▸ Supplied material
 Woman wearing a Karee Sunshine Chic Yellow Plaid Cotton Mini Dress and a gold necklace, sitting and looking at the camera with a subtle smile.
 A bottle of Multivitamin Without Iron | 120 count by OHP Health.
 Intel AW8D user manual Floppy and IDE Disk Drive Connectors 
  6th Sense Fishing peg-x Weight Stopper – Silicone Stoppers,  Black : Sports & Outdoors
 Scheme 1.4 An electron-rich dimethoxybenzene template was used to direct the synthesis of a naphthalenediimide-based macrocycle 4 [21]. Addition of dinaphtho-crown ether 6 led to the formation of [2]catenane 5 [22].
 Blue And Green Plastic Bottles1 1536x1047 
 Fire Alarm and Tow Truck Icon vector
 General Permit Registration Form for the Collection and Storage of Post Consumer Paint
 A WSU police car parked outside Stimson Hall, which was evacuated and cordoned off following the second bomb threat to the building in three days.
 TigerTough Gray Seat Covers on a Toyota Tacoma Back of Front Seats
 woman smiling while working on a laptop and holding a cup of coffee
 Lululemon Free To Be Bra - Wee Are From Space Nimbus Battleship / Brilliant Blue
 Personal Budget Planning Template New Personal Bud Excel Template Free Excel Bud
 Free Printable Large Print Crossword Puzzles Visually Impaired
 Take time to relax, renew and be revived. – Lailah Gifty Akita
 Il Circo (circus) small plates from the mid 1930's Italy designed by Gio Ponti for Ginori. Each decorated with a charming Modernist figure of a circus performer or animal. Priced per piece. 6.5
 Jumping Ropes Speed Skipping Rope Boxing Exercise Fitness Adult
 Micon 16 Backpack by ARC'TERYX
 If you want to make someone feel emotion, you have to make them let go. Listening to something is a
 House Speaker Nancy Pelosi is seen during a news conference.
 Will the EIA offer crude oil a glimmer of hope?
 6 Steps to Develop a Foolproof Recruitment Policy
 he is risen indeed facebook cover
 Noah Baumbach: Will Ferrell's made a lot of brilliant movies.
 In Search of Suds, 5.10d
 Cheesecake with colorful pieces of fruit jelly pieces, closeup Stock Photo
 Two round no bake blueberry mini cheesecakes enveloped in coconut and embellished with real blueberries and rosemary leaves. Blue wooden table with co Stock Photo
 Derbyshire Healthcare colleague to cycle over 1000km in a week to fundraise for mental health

▸ Work instructions
In how many lines of the records does the word "Free" appear? Give the number alone.

▸ Reply to the task
3